Once a Disaster, Always a Disaster

I went to see the sneak preview of „Anonymous“, the new movie by Roland Emmerich, whom the critics have always dismissed as a rather lowbrow producer of admittedly spectacular disaster movies. As a rule, he is strong on visual effects and weak on storyline, but hey: who cares as long as the good guys win and the aliens are vanquished in the end.

Presumably, Emmerich wanted to prove his critics wrong by making a movie about Shakespeare. Unfortunately, all he succeeded in doing was to prove how right they are.

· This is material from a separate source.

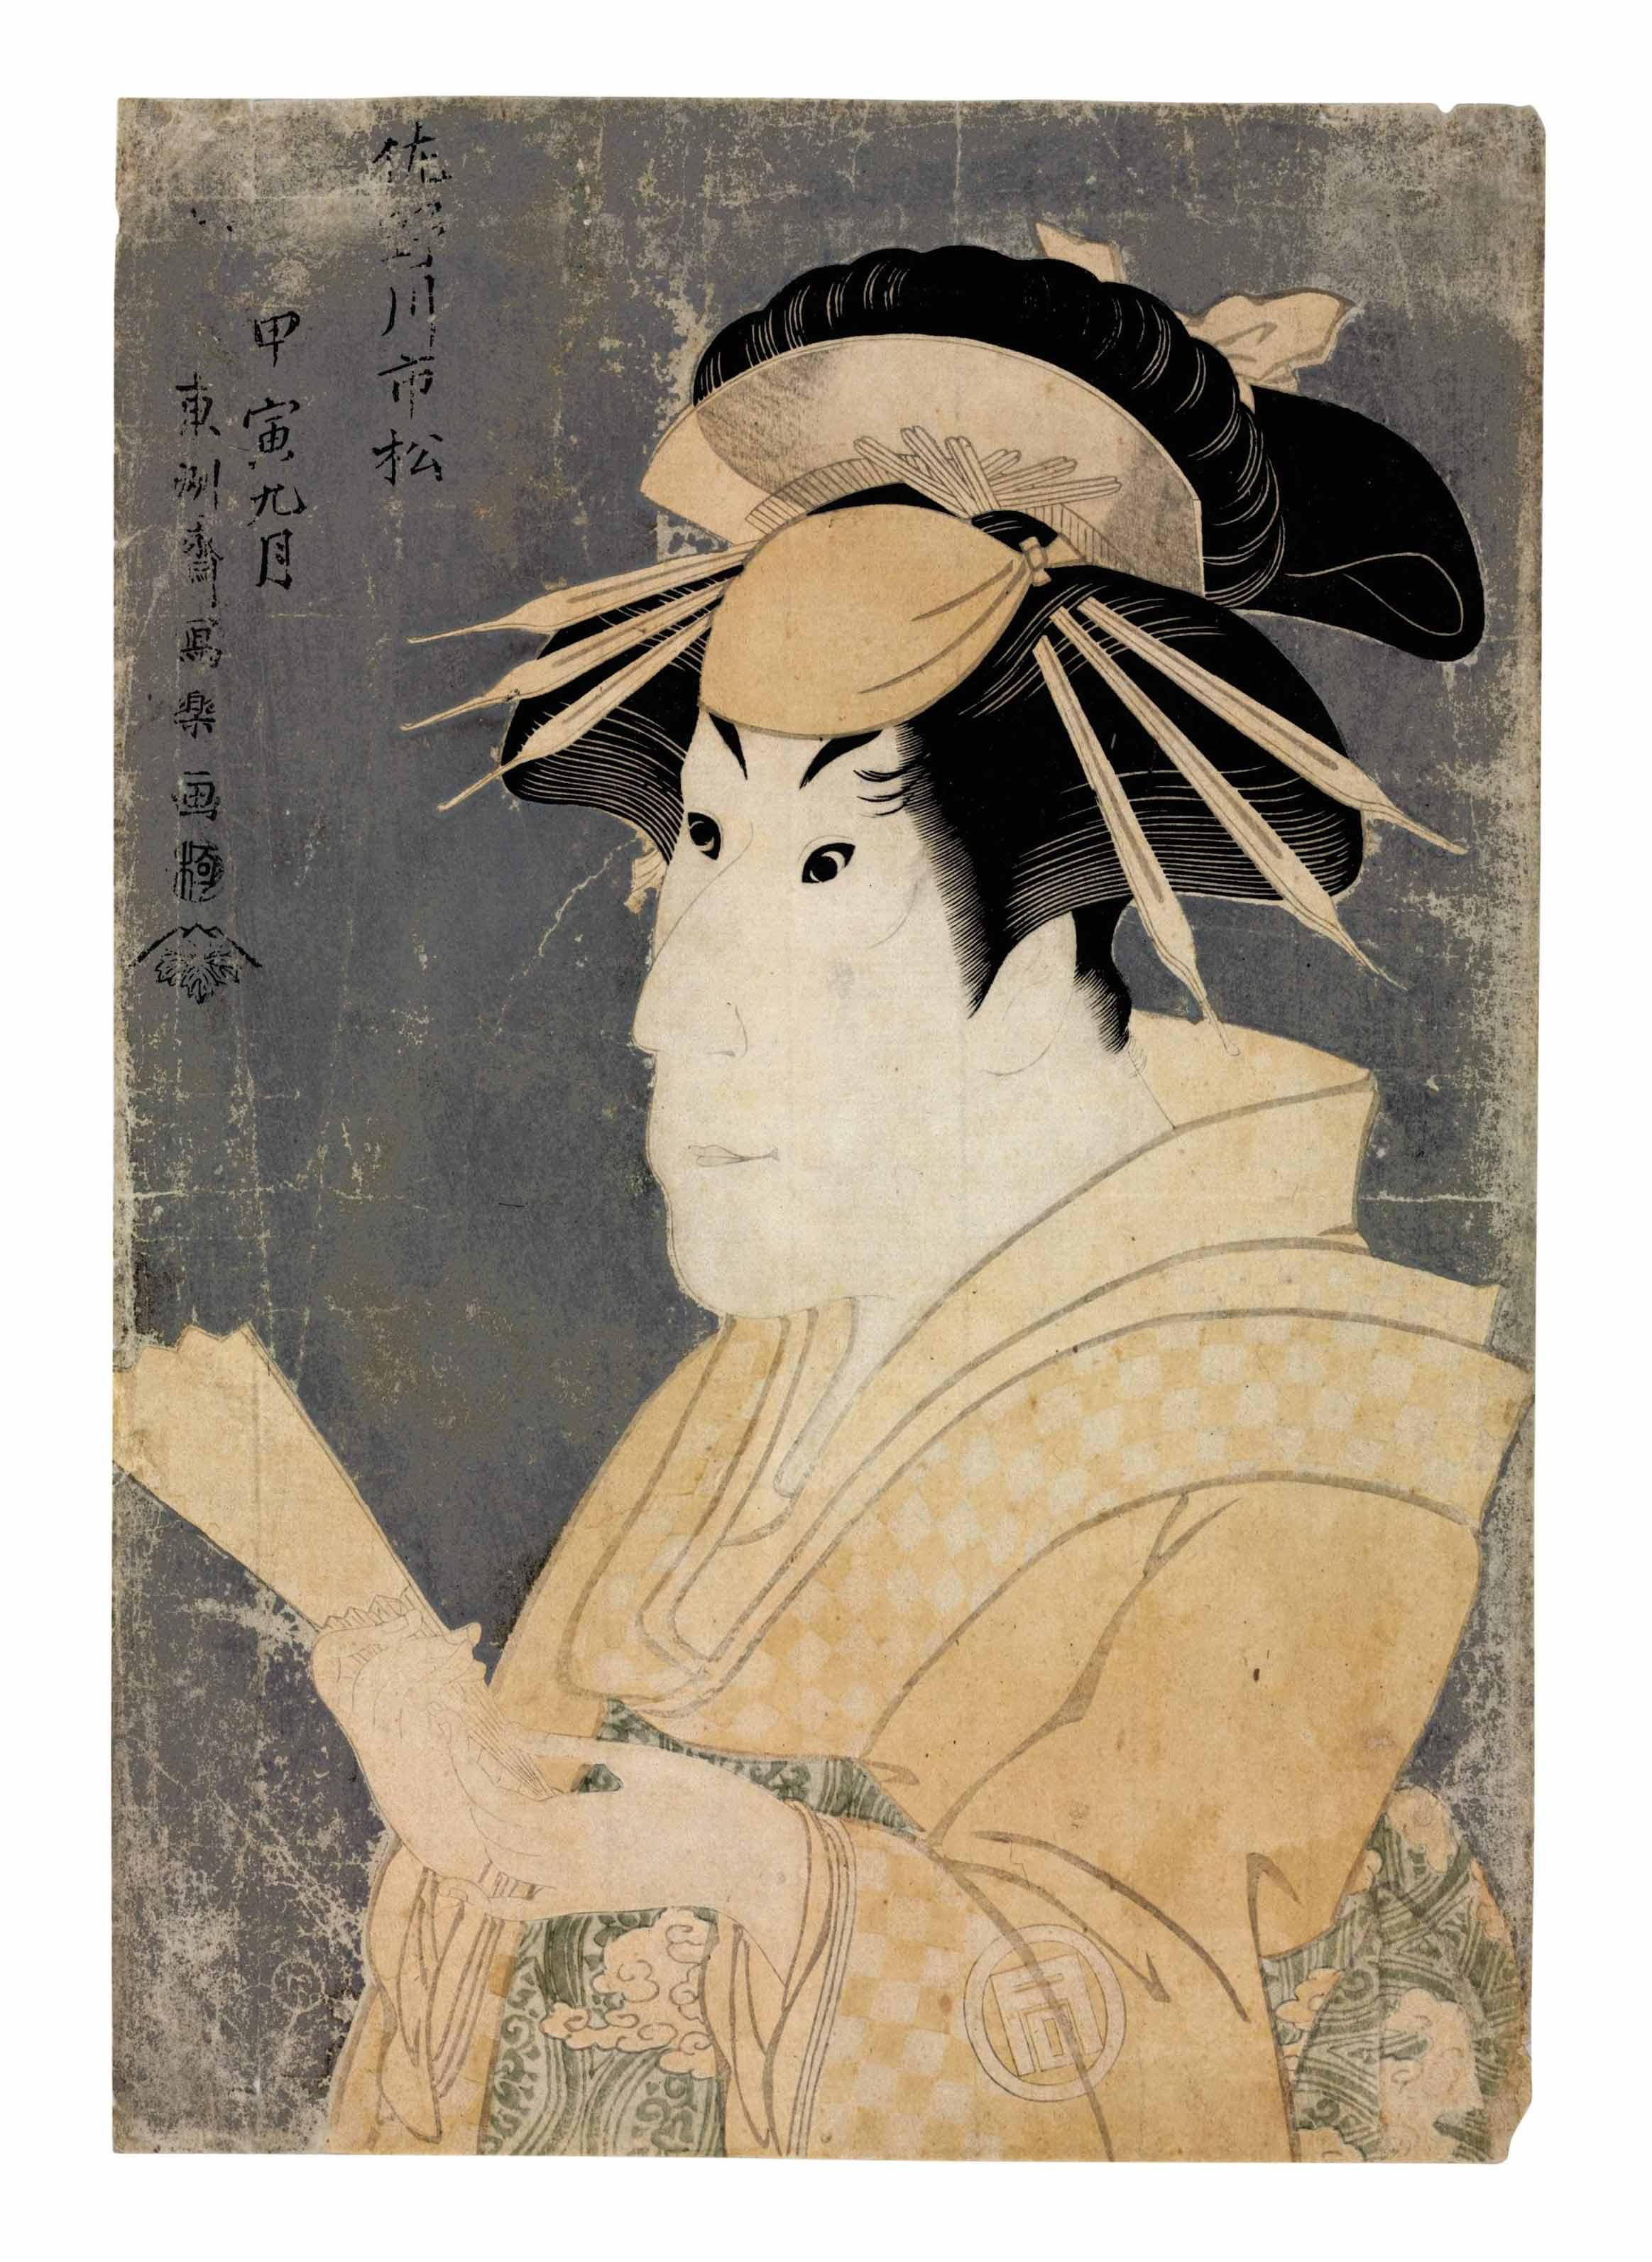 The Actor Sanogawa Ichimatsu III as the Prostitute Onayo of Gion in the Kabuki Play Hanaayame Bunroku Soga (The Iris Soga of the Bunroku Era)

„Anonymous“ is an insipid, at times even boring hodgepodge of faux literary history, royal incest, oedipal conflict, and behind-the-scenes power struggles by men in wigs and petticoat breeches.

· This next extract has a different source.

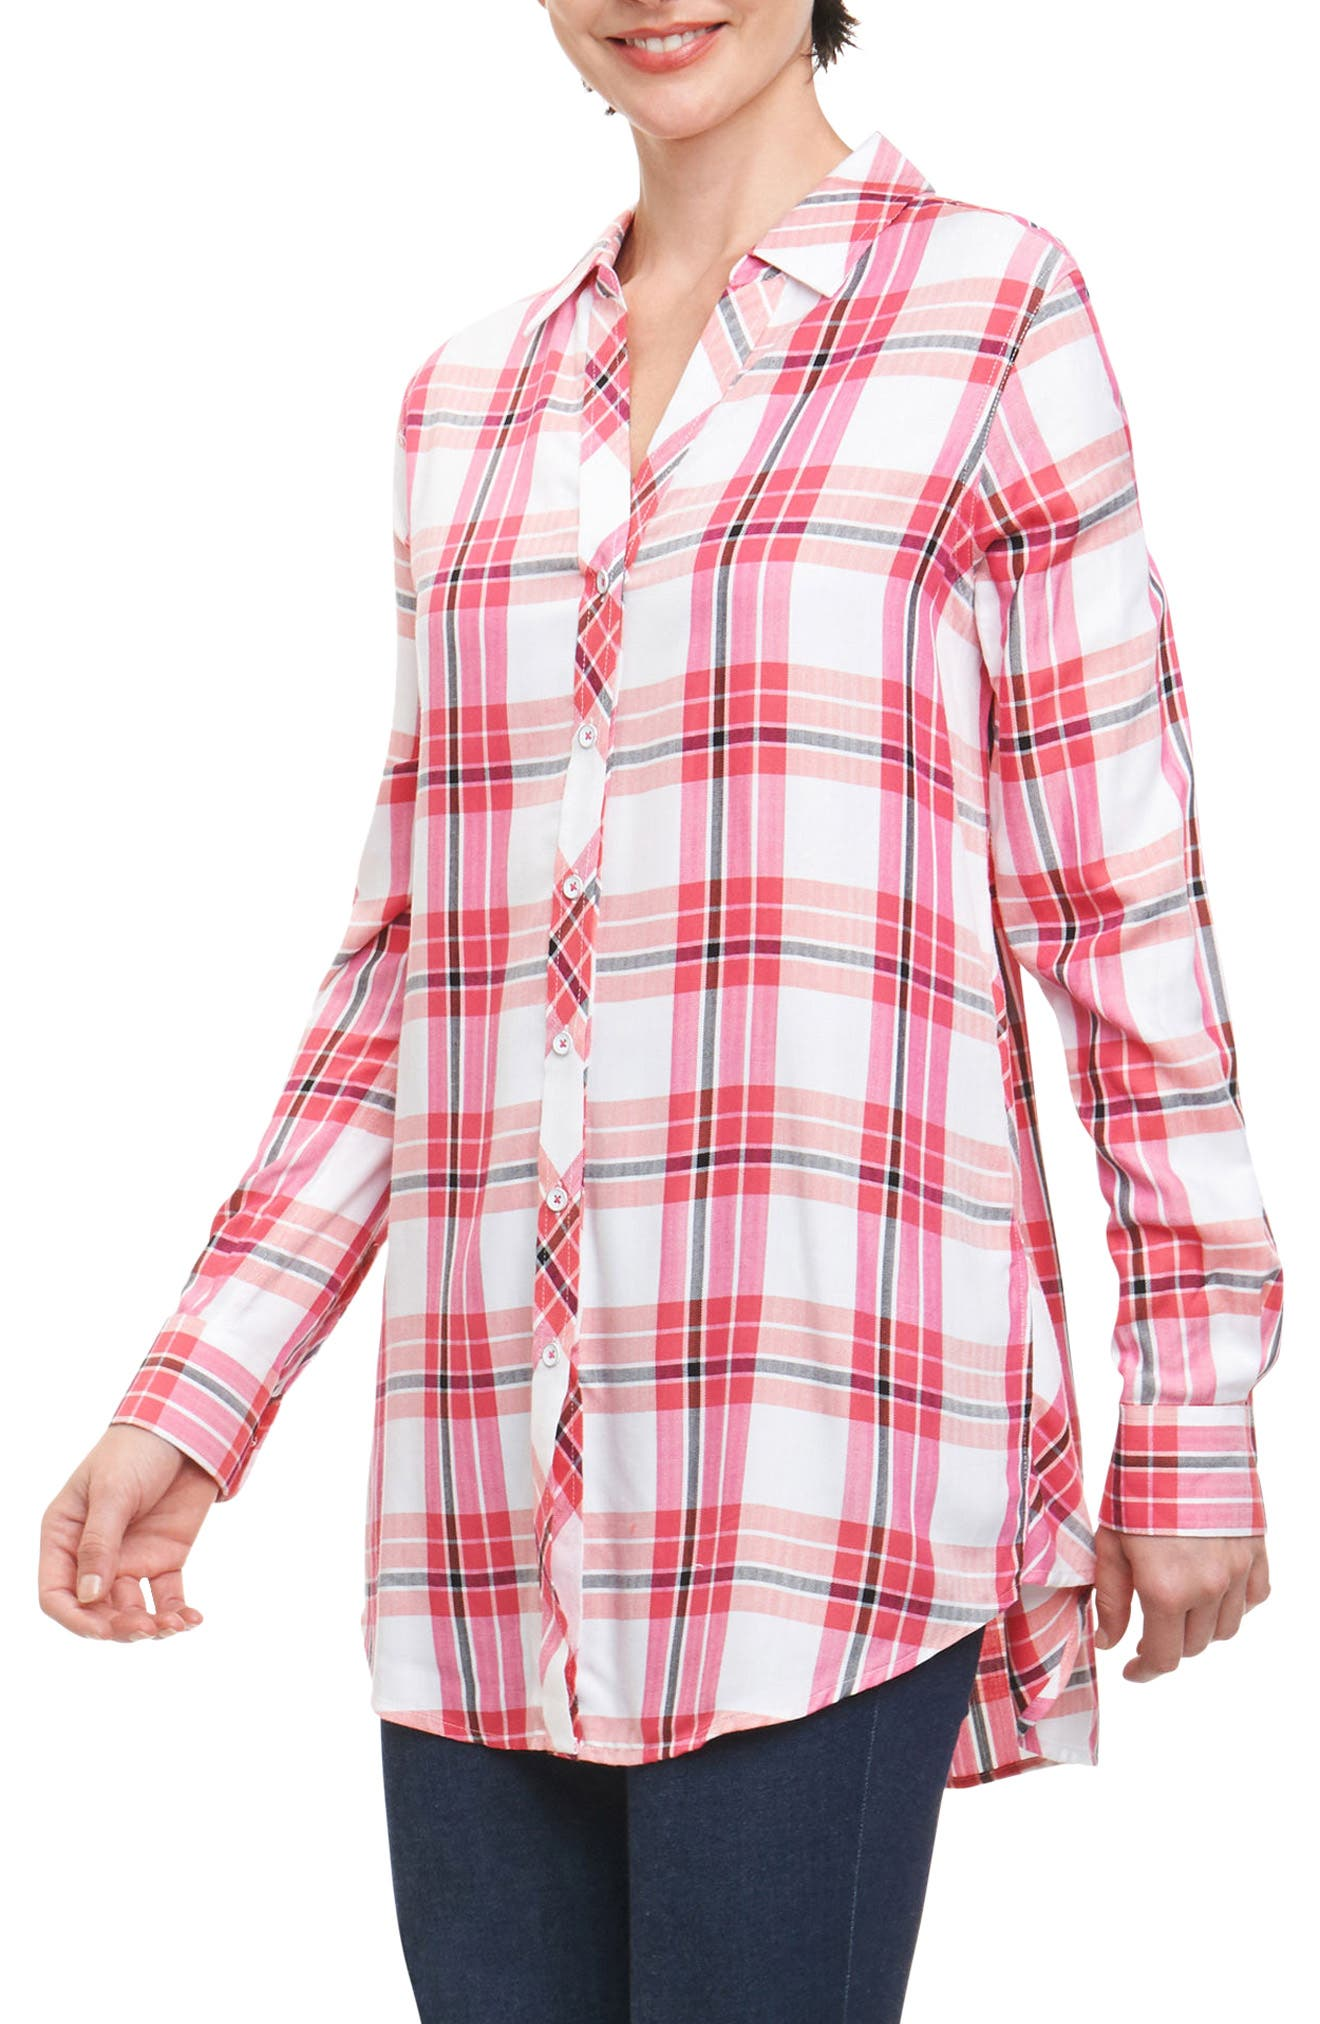 Fay Pinktini Plaid Shirt,                         Main,                         color, MULTI

As a spectator, the only things that kept me awake were the occasional swordfights and the short dramatic climax, during which the Earl of Essex and his men are trapped in a courtyard with soldiers firing down on them like shooting fish in a barrel.

Unhappily, even this isn’t original. In fact the entire scene is lifted straight from Eliza Kazan’s 1952 production of John Steinbeck’s „Viva Zapata!“.

If you ask me, „Anonymous“ is a true movie disaster. But then again, I guess that’s what you can expect from a director of disaster movies.